**SUPPLIED DATA**
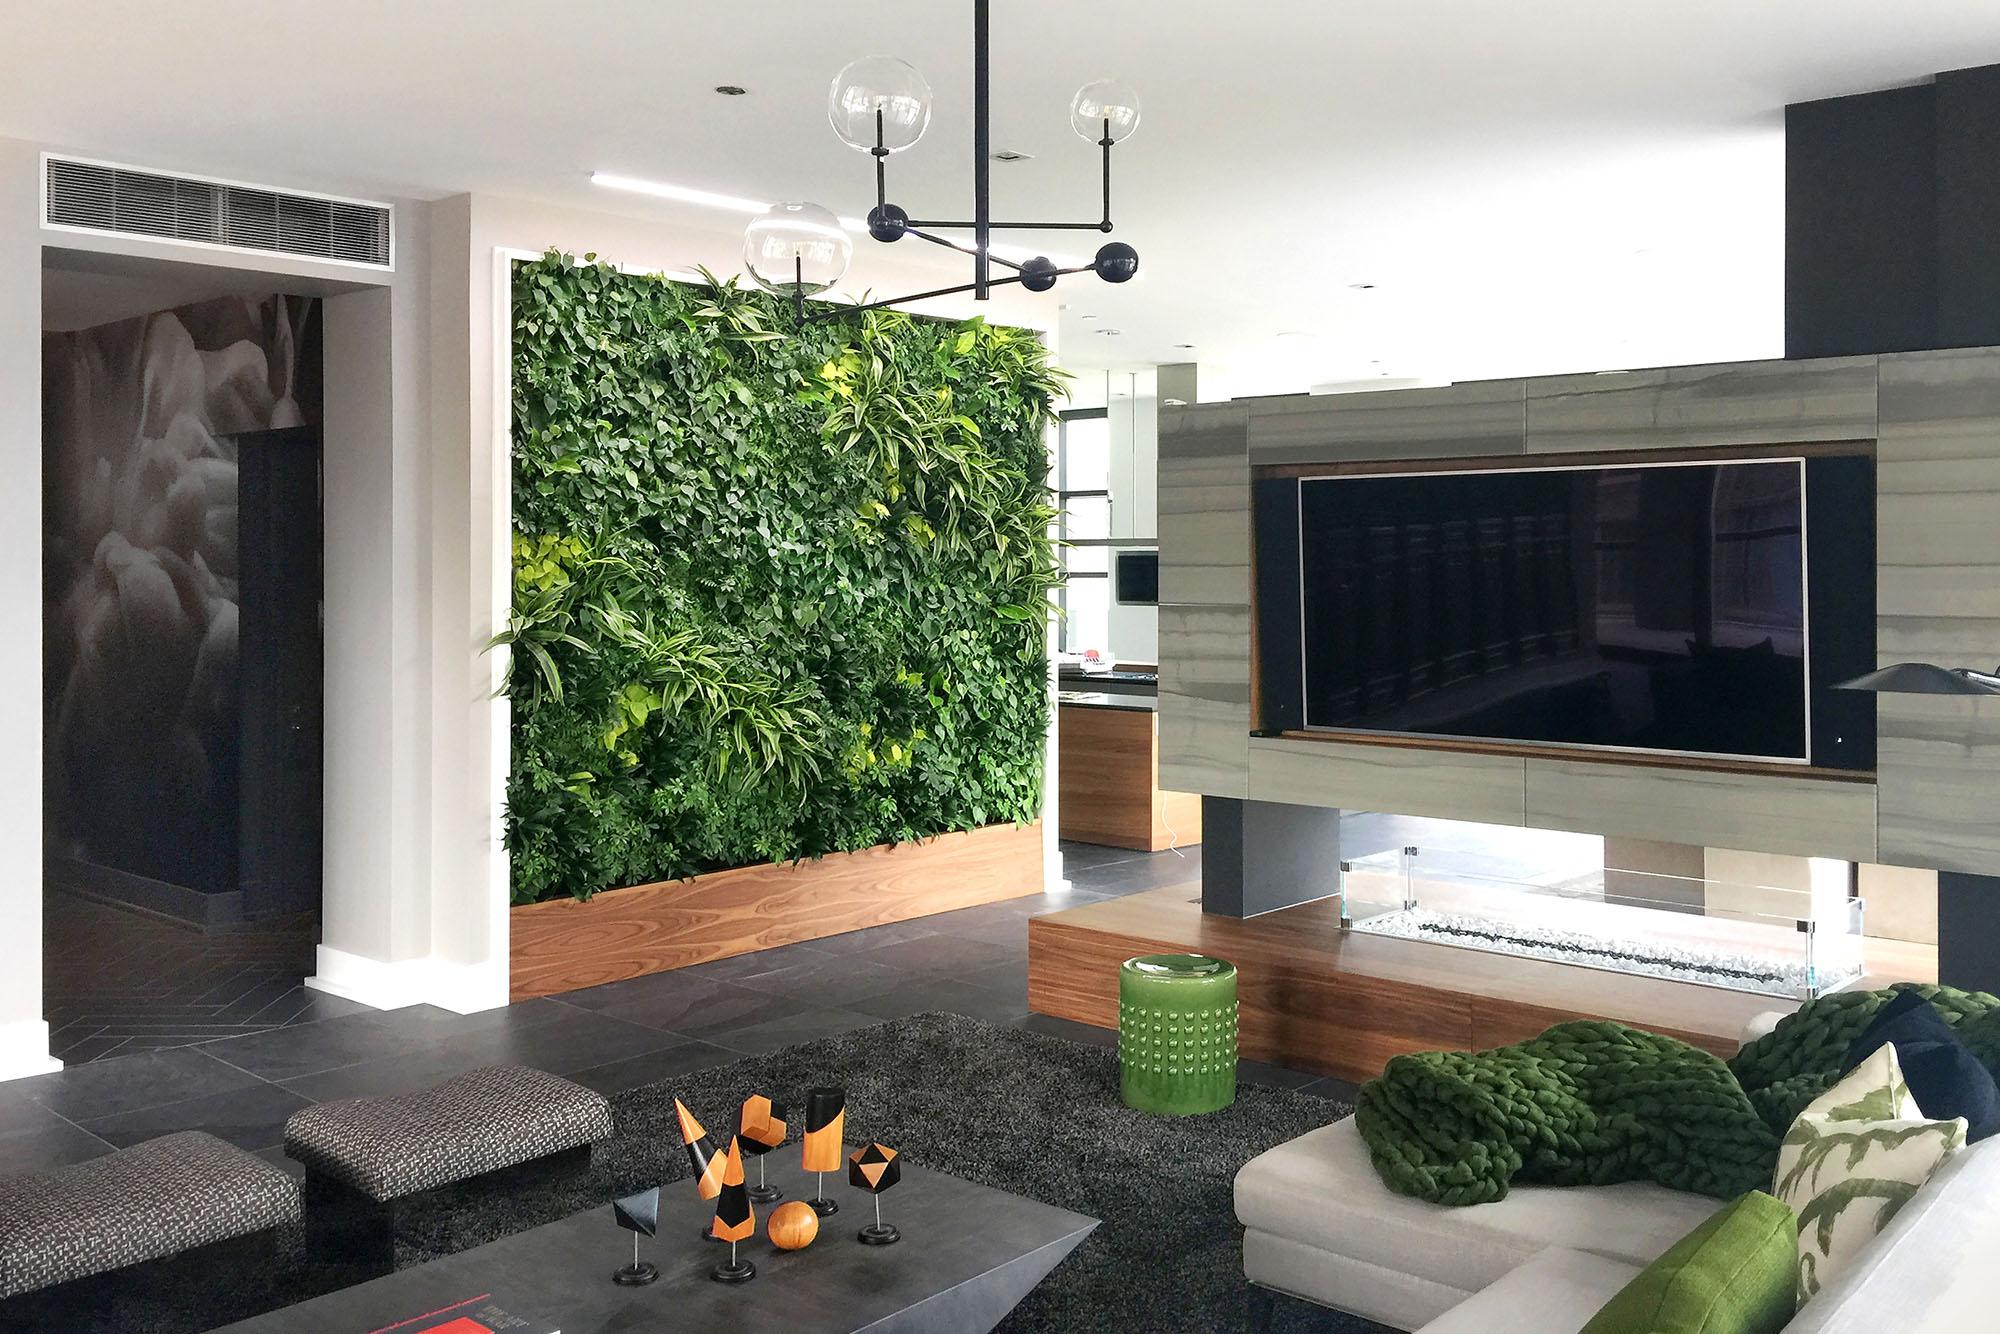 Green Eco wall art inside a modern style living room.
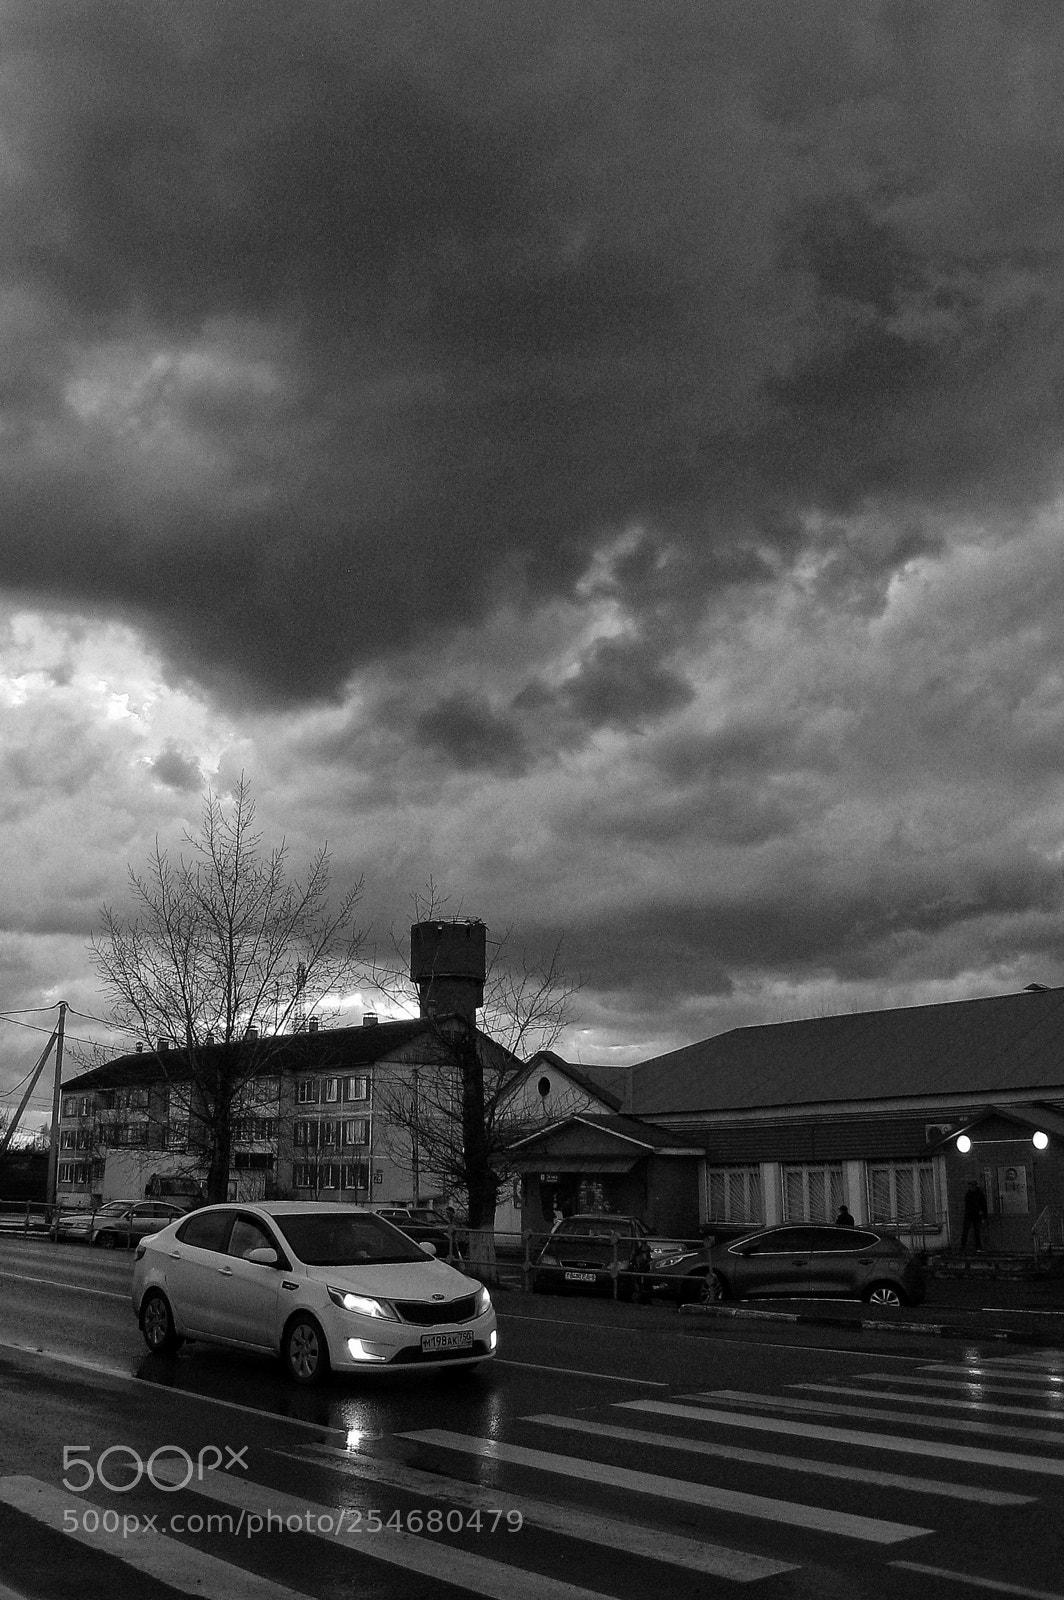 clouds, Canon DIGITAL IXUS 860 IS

...

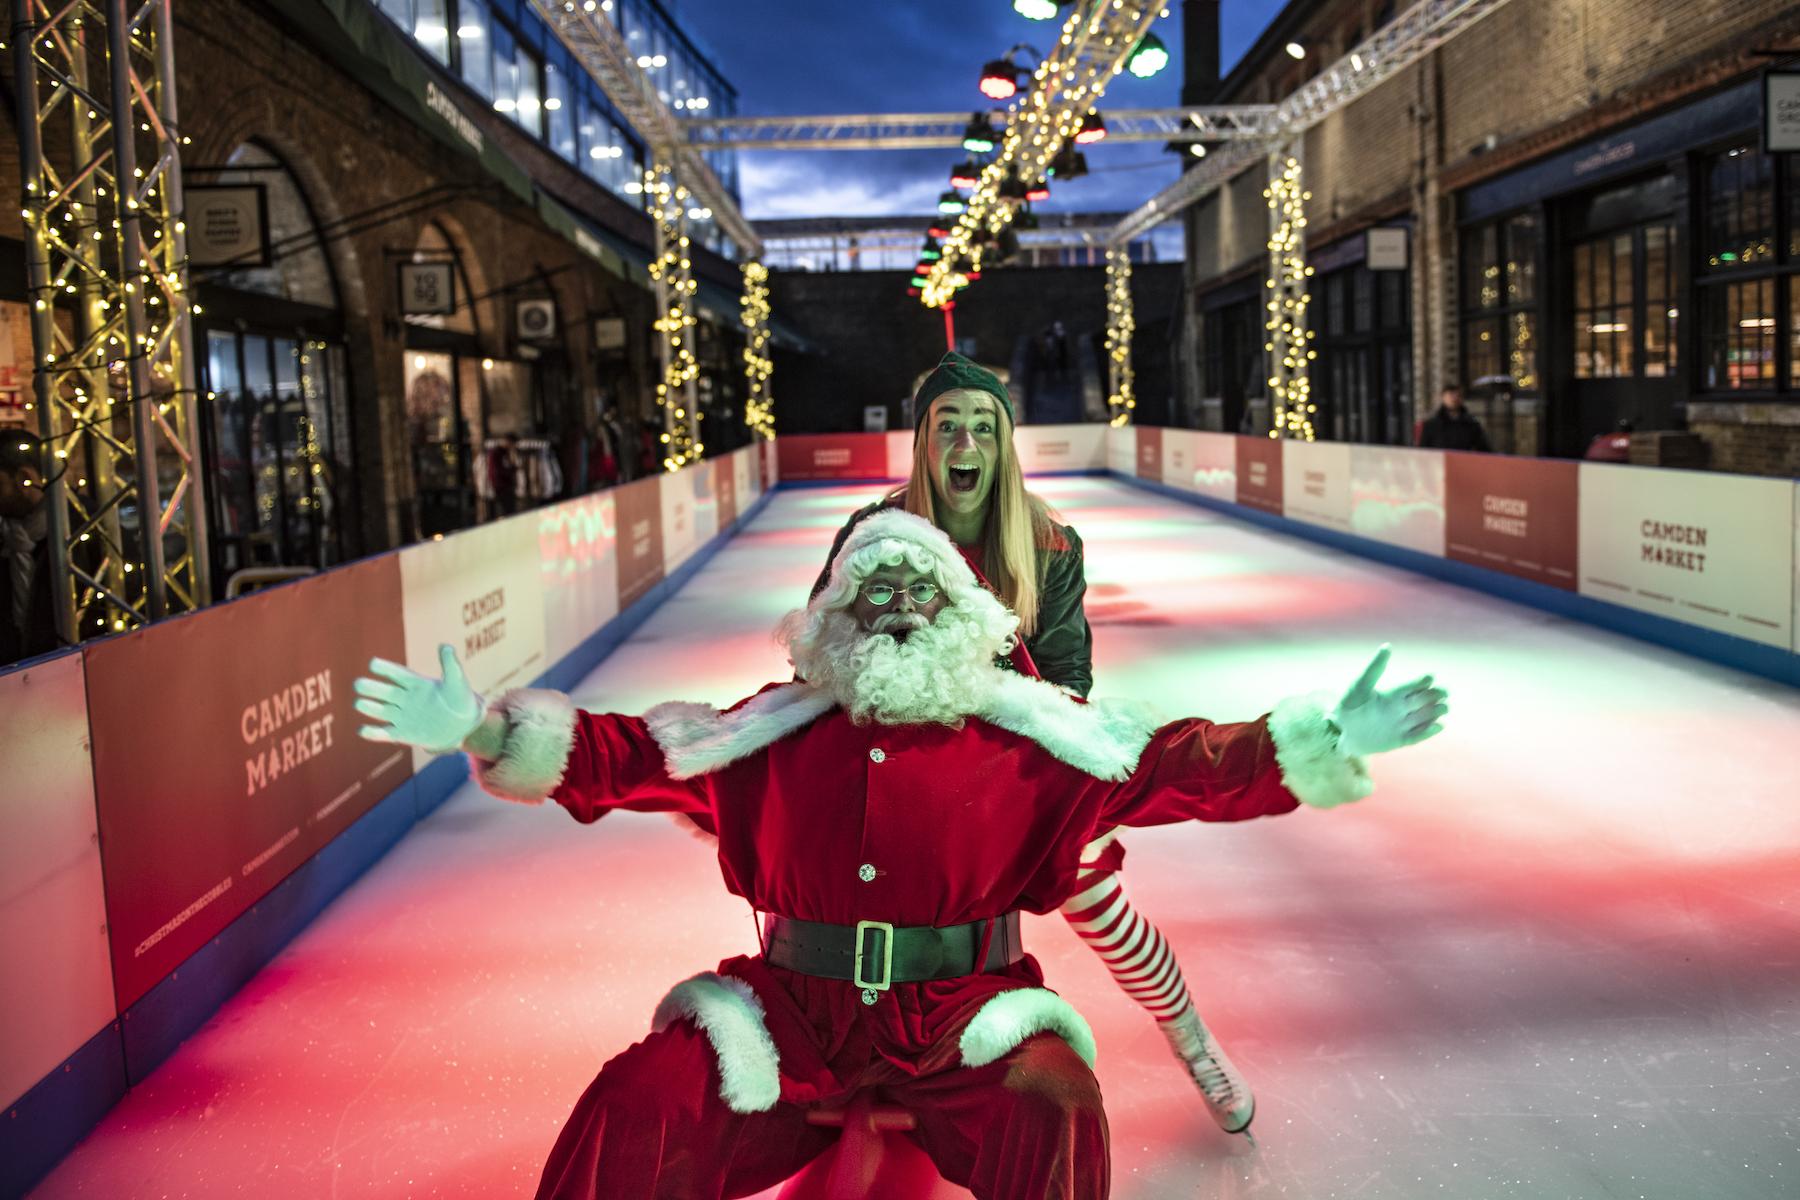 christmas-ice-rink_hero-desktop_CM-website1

---

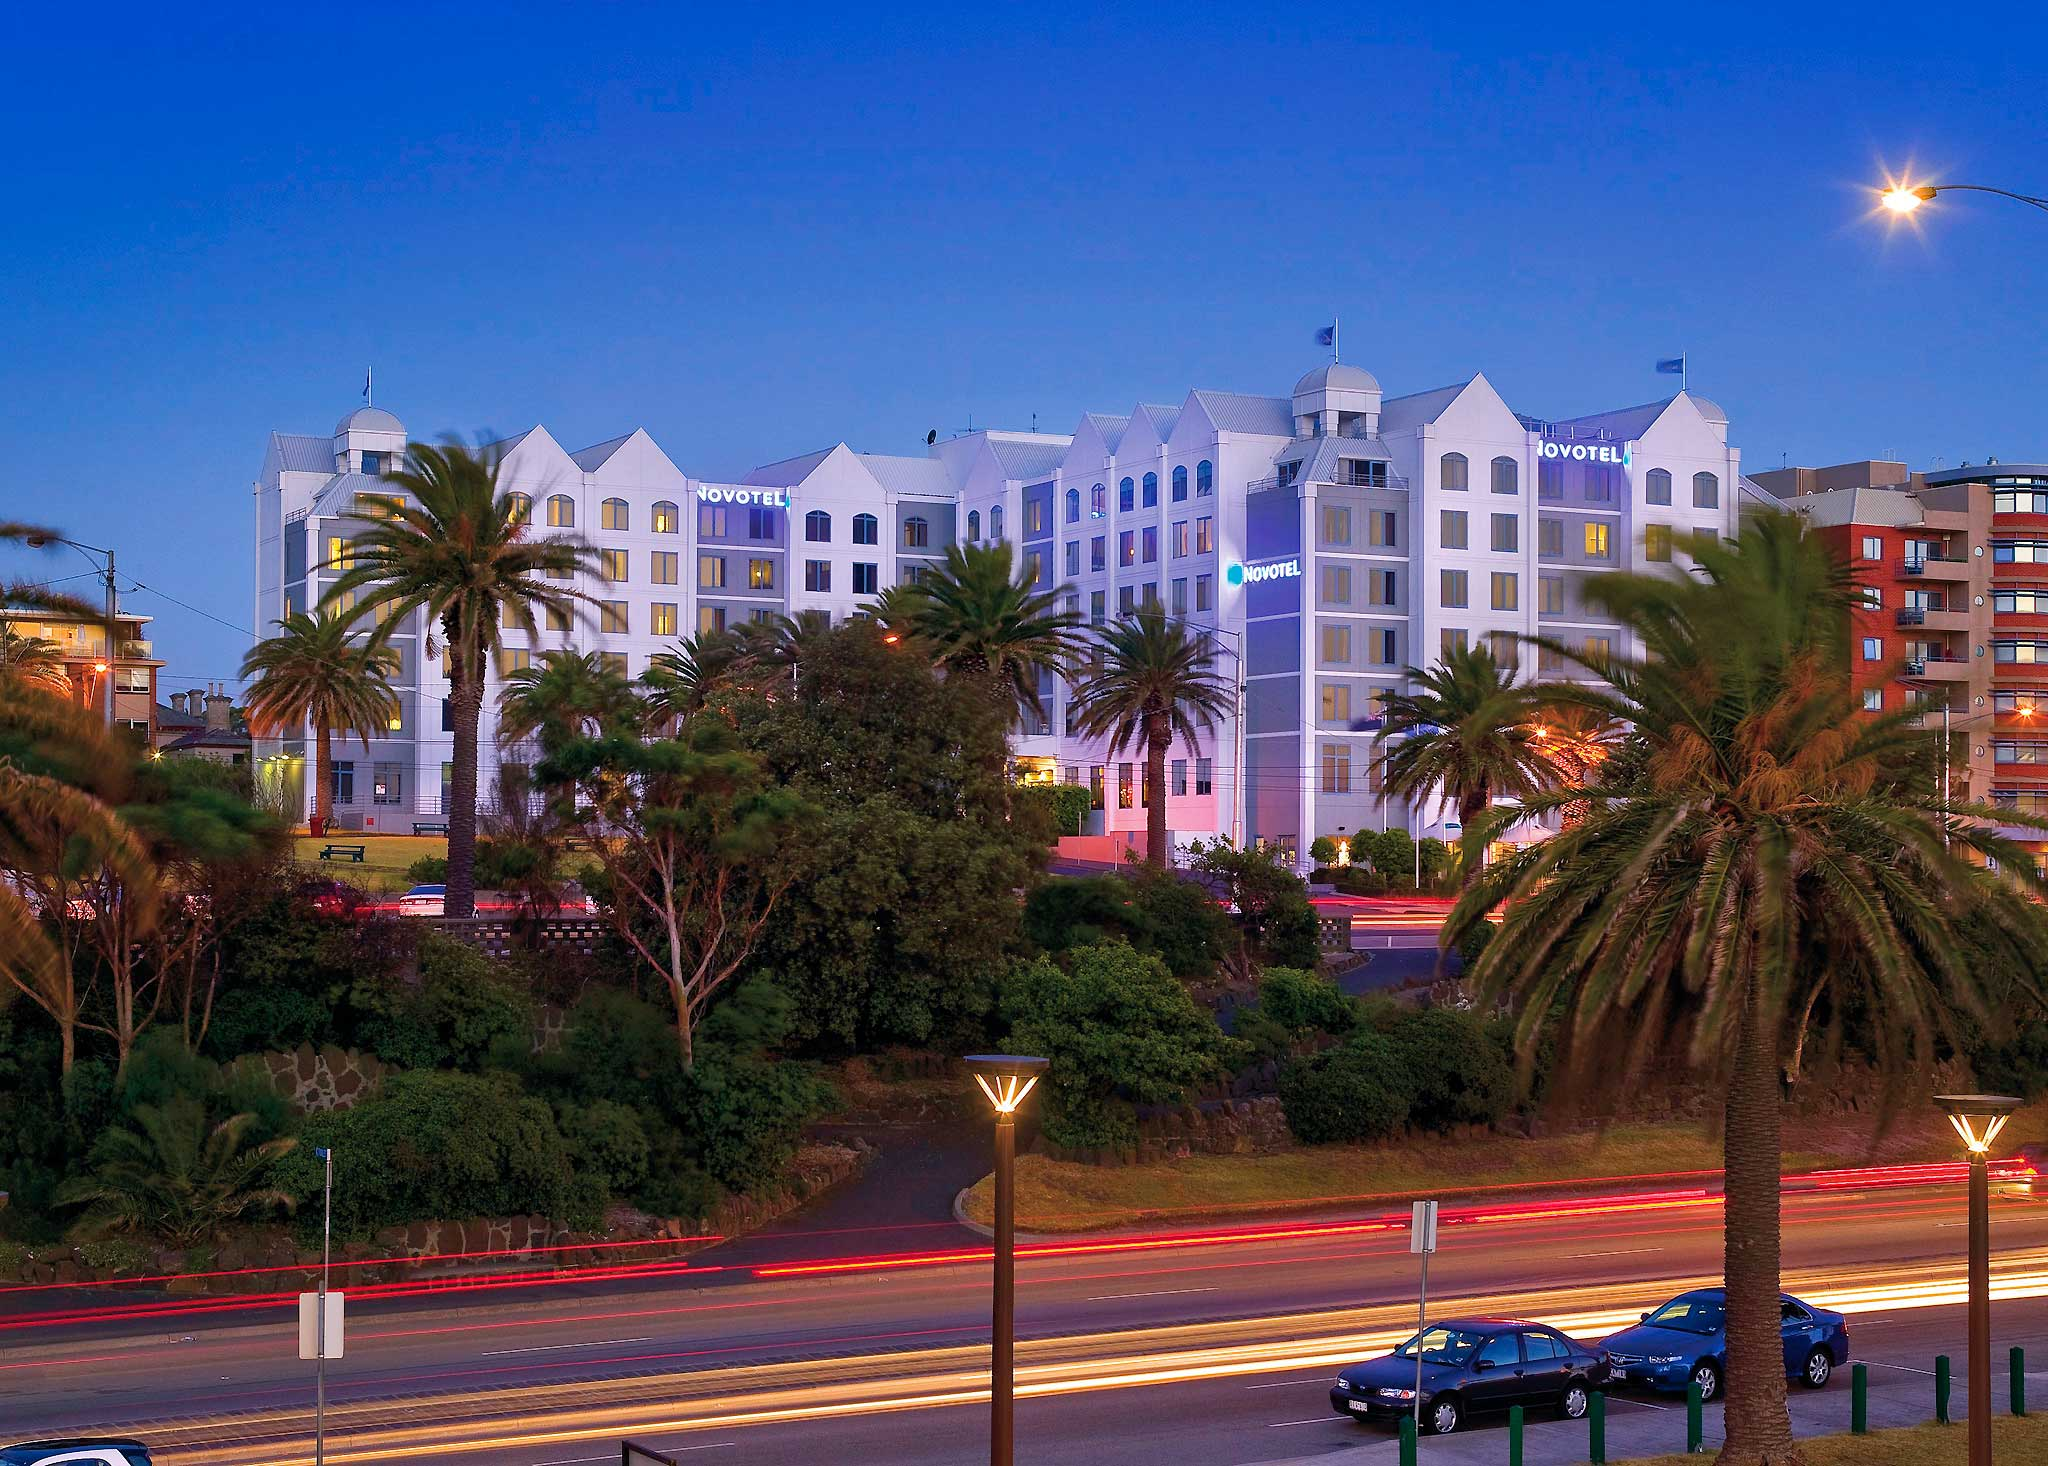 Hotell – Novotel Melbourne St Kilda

**TASK ITEM**
From the data above, retype only the lines starting with the line with "Green Eco wall" and going on through the line with "clouds, Canon DIGITAL IXUS 860 IS", exactly, leaving out the pictures.

**WRITTEN ANSWER**
 Green Eco wall art inside a modern style living room.
 clouds, Canon DIGITAL IXUS 860 IS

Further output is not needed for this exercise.